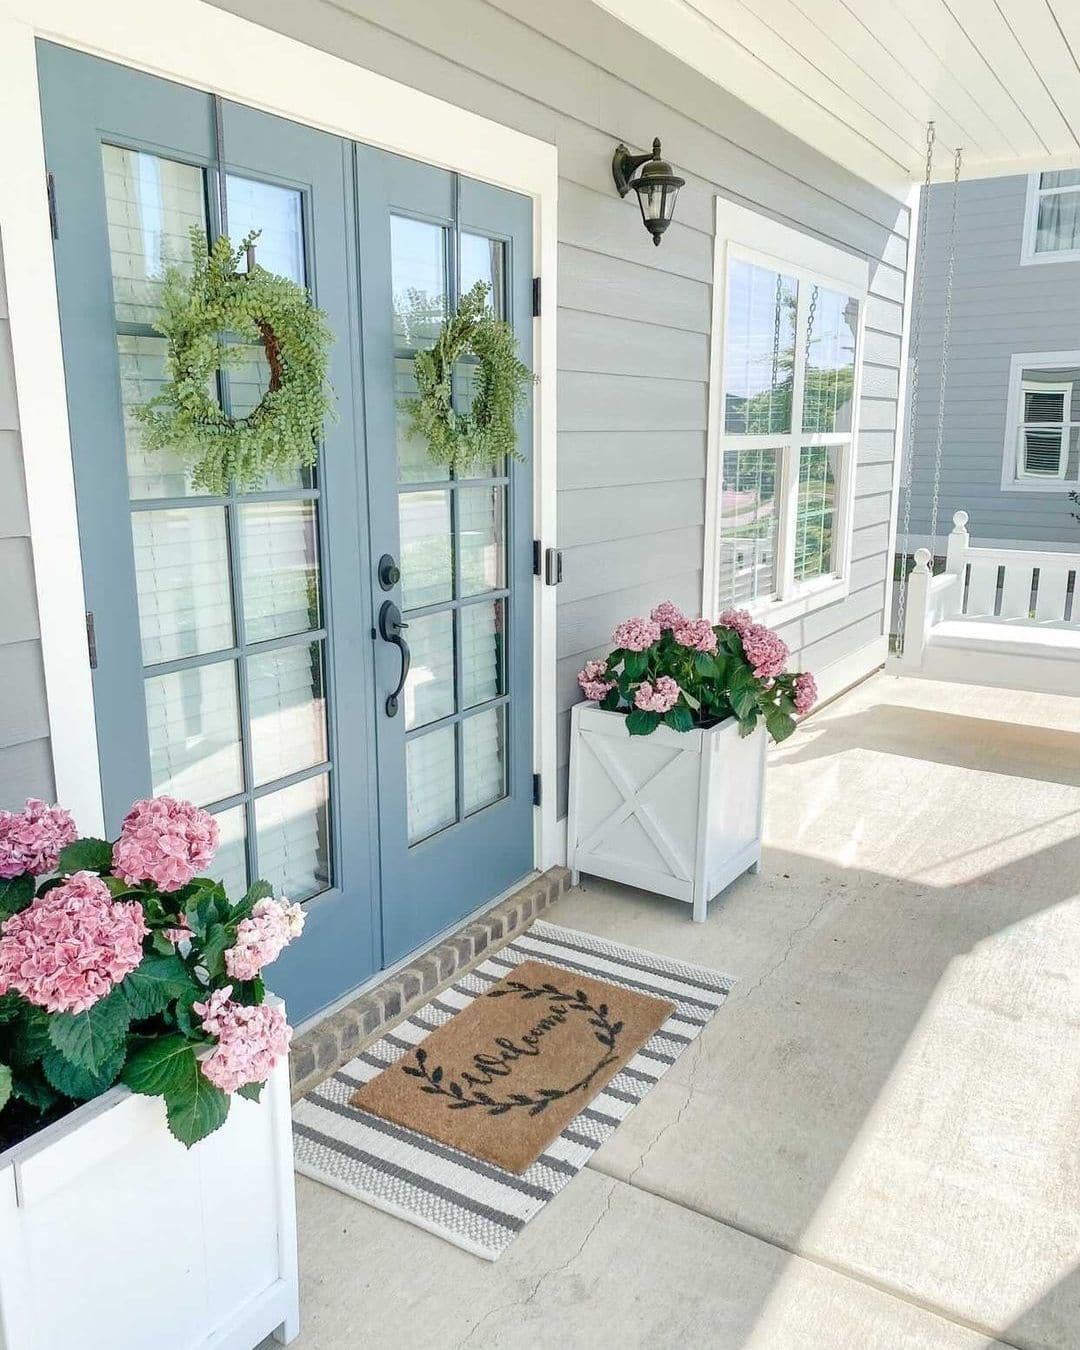 SPRING FRONT PORCH DECORATING IDEAS
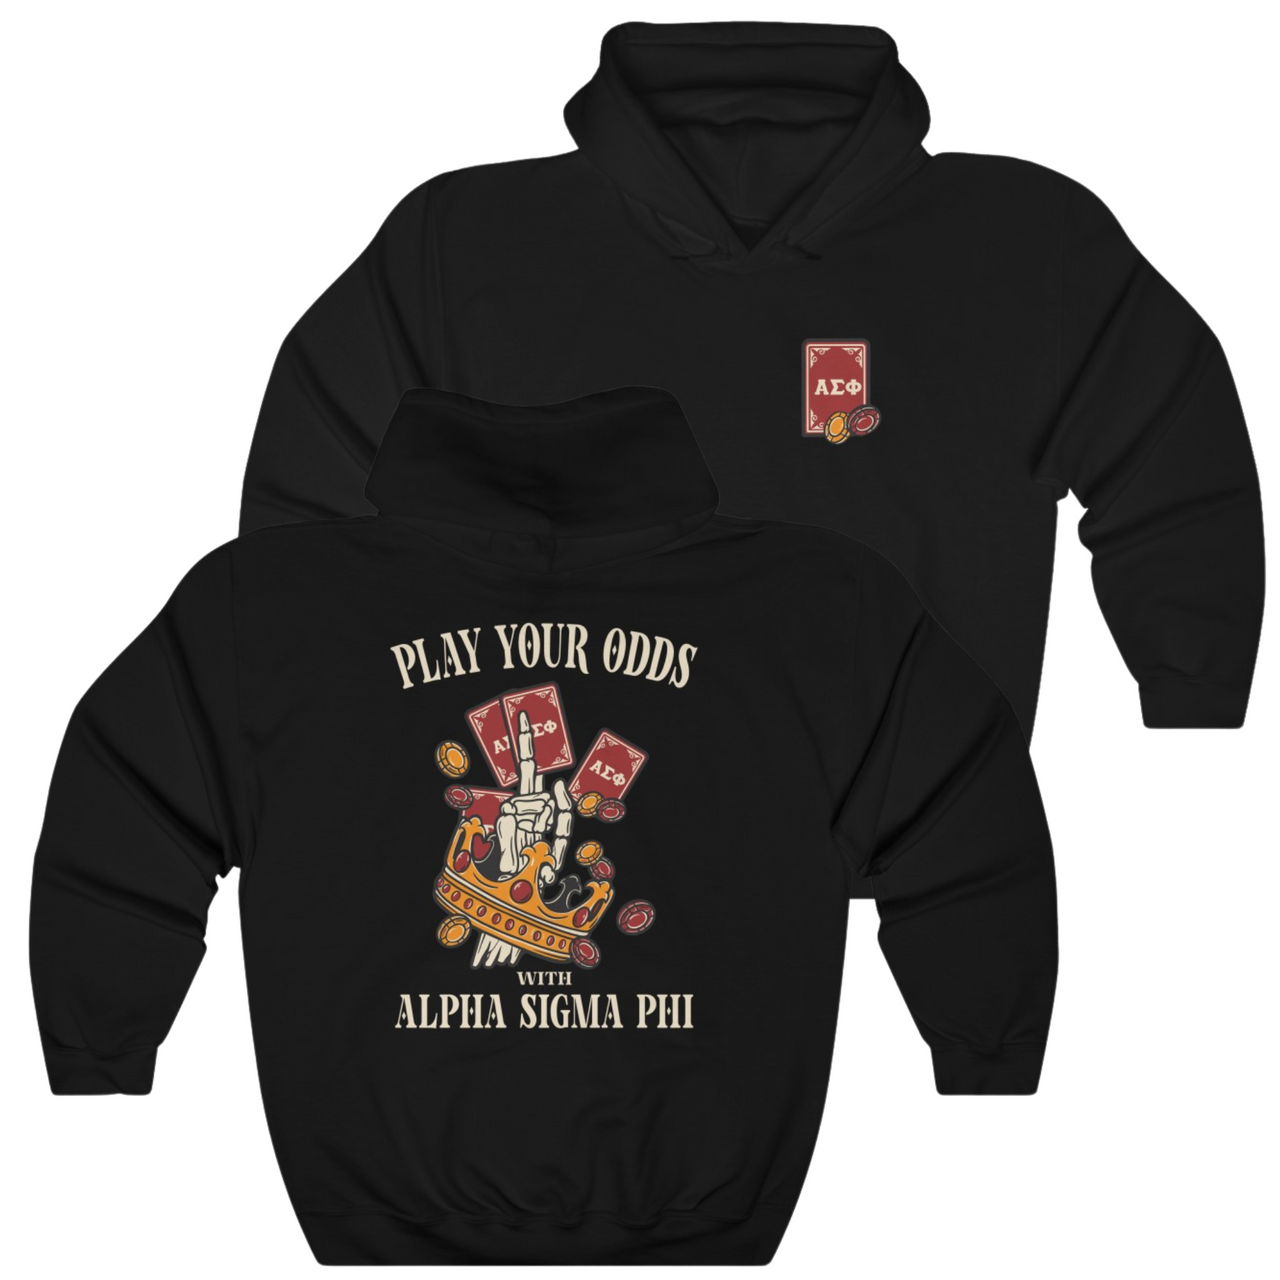 Black Alpha Sigma Phi Graphic Hoodie | Play Your Odds | Alpha Sigma Phi Fraternity Hoodie 
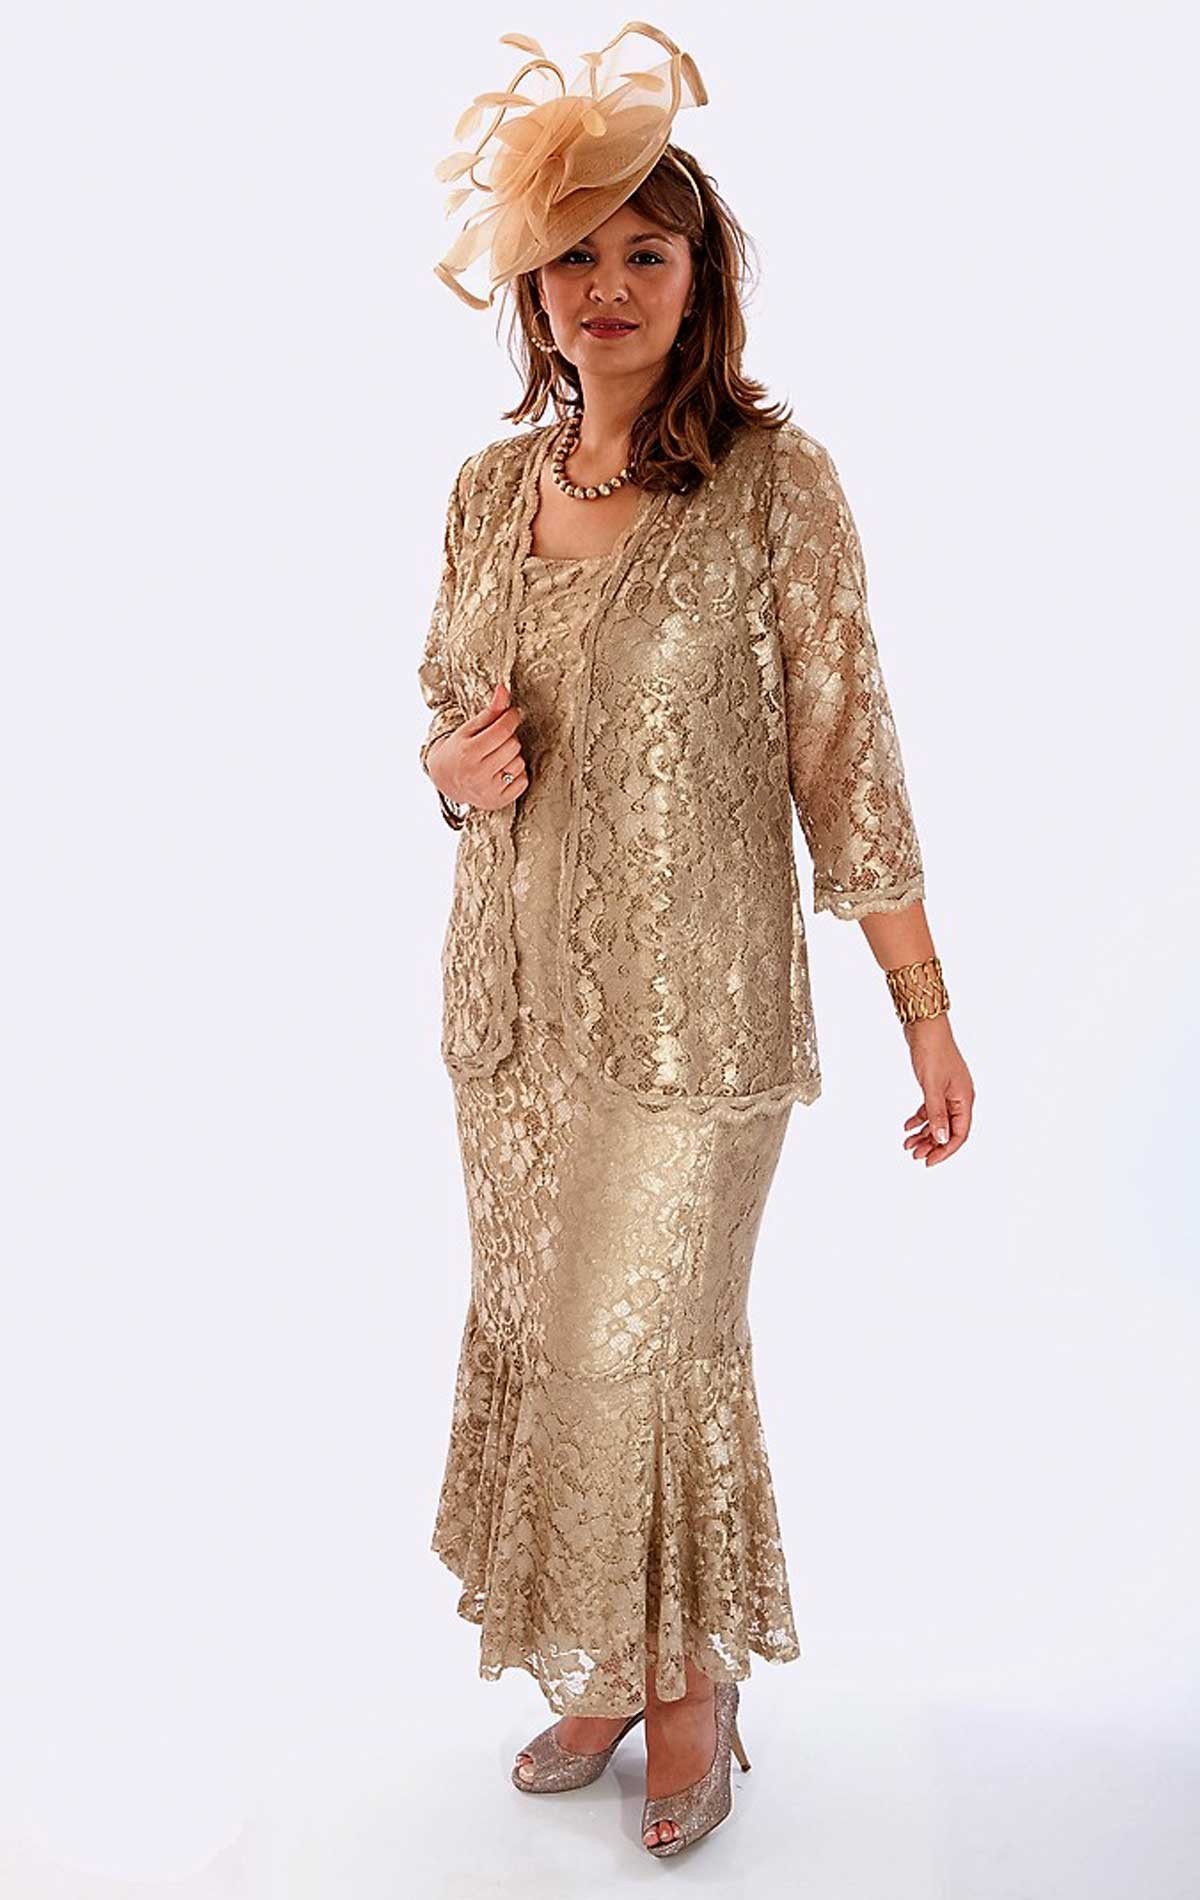 Rosa - Rosa -Plus Size Ladies Occasion Dress by Penguin Designs - Special Occasion Wear for Plus Size Mothers of the Bride & Mothers of the Groom at Blessings Occasions Shop, 1 Loyal Parade, Mill Rise, Westdene, Brighton. E. Sussex BN1 5GG Telephone: 01273 505766

→ **Exercise aim**
Each line from the line containing "Black Alpha Sigma" through the final line of the data above must be retyped exactly; nothing else, and no pictures, may appear.

→ **Expected answer**
 Black Alpha Sigma Phi Graphic Hoodie | Play Your Odds | Alpha Sigma Phi Fraternity Hoodie 
 Rosa - Rosa -Plus Size Ladies Occasion Dress by Penguin Designs - Special Occasion Wear for Plus Size Mothers of the Bride & Mothers of the Groom at Blessings Occasions Shop, 1 Loyal Parade, Mill Rise, Westdene, Brighton. E. Sussex BN1 5GG Telephone: 01273 505766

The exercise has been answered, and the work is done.